If you want to target certain keywords, you should not be thinking about single, standalone words, but phrases. You’re never going to get your page ranked for the word “comic”, for example. You will definitely get ranked for “comic about a guy with a hammer for a nose”.
This long keyword falls into the dominion of what SEO professionals call the “longtail”, which refers to the long end of the spectrum of search queries that encompasses all such multi-word queries. There might not be a lot of density per query, but there are a hell of a lot more long queries than short, one word queries.
So, keyword research for comics. How important is it?
Not very, in my experience. The best you can do, really, is to help people find your comic when they only have memory to go on. So, for example, you make a comic about a guy with a hammer for a nose. If you optimize your comic for something clever like “hammertime comic”, then your comic will show up on SERPs that include the query “hammertime + comic”. But someone who saw that hammer nose comic will search exactly that: “that comic about the guy with a hammer for a nose”. So your job is to make sure that when someone is looking for that comic, they’ll find it (ie, optimize for “comic about hammer nose guy”).
If you don’t want to optimize your comic to help people find it, but instead want to optimize it so that people discover your comic, then you’ll want to conduct keyword research. The best tool is the Google Adwords Keyword Planner. First create your comic, then try to think of words or phrases that people who might enjoy seeing your comic would search. Look at this screenshot of the Adwords dash:
The first option will help you come up with ideas for new keywords based on a keyword or phrase that you supply. You can filter the suggestions that you get by country and language, too.
The second option is for if you already have a list of keyword ideas, and you want to see how much traffic and competition they receive. A keyword with high competition means it’ll be hard to rank for. SEO for comics means some competition. The keywords with more traffic are the ones you should be choosing. So just to illustrate the subtle differences that can exist between different words, have a look at this:
Once you have the best keyword or keyword phrase for your purposes, you can decide on a file name.
2.) Choose a file type for your comics
The file type of your comic is important mainly for the loading speed of your page. If your page is slow, the Google overlord takes account and it can hurt your SERP rankings. So you want to use a losslessly compressed format like JPG. PNGs are too heavy, and will slow your site down. “Losslessly” means that an image format compresses the data without losing pixel quality in what we see. So if you want to optimize your comic, start by using compressed image file types.
Oh, and that goes for everything else that appears on the comic page: title image, social media buttons, share buttons, background, etc. Use lightweight file types globally.

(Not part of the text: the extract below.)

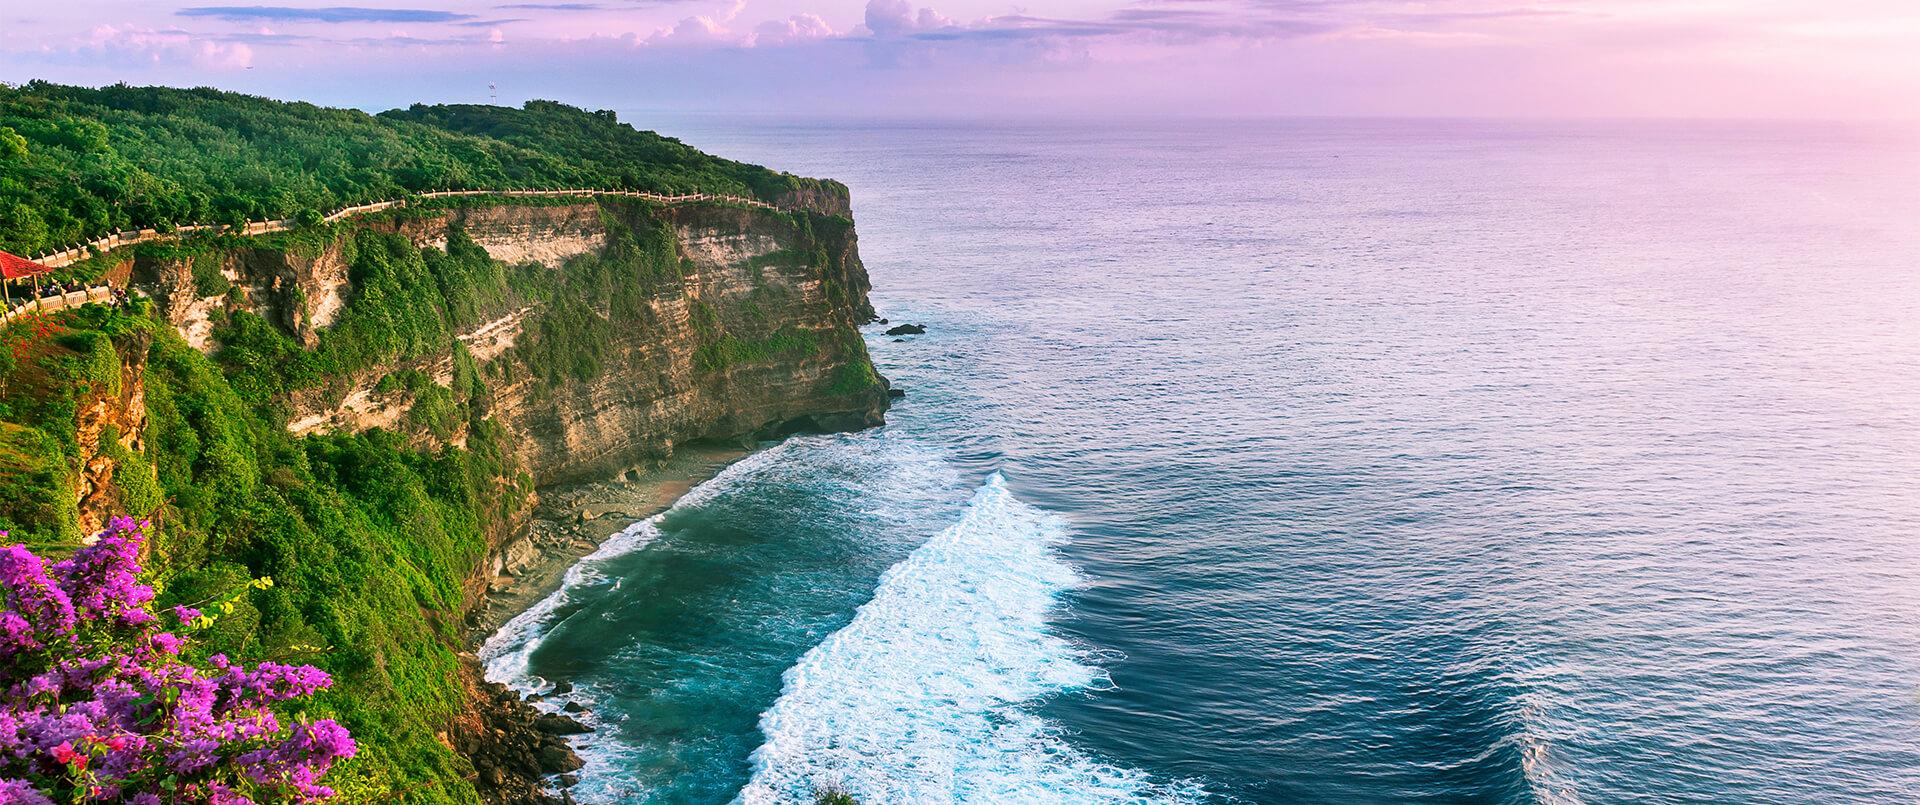 Indulgent Indonesia

If you have a website that uses hover effects, make sure you’re using CSS sprites and not database queries.
3.) Creating a file name for your comic image
The file name refers to the file itself that you choose to upload. “comic34234.jpg” is a file name. It’s a bad file name. You might be tempted to name your comic files by date, for your own reference. But once you upload the file and use it on a webpage, the Google spider will crawl it and it will be public. It reads the file name, and takes into account any words it finds there. So, to find “comic 34234.jpg“, I would have to query Google images for “comic34234.jpg“.
The keywords that you researched should appear in the file name. That, or the most likely description of the comic. So, using my hammer nose comic example, my file name could be: “hammer-nose-comic.jpg“. I might not be on first page SERPs for that query, but in Images I sure as hell will. A quick example. I made a Once I Dreamed comic about peeing during sleep. I chose to optimize the image for Image Search descriptively. The file name is “once-i-dreamed-peeing-in-sleep.jpg” So if someone wants to find that comic about dreaming peeing in your sleep, here’s the SERP, and my comic at #2 (number one is rage >:(, but funny all the same):
I want to mention that so far I’m only talking about ranking your comic images based on what you can do from your own website. In the section below called “Inbound links”, I’ll explain how important it is to distribute your comic.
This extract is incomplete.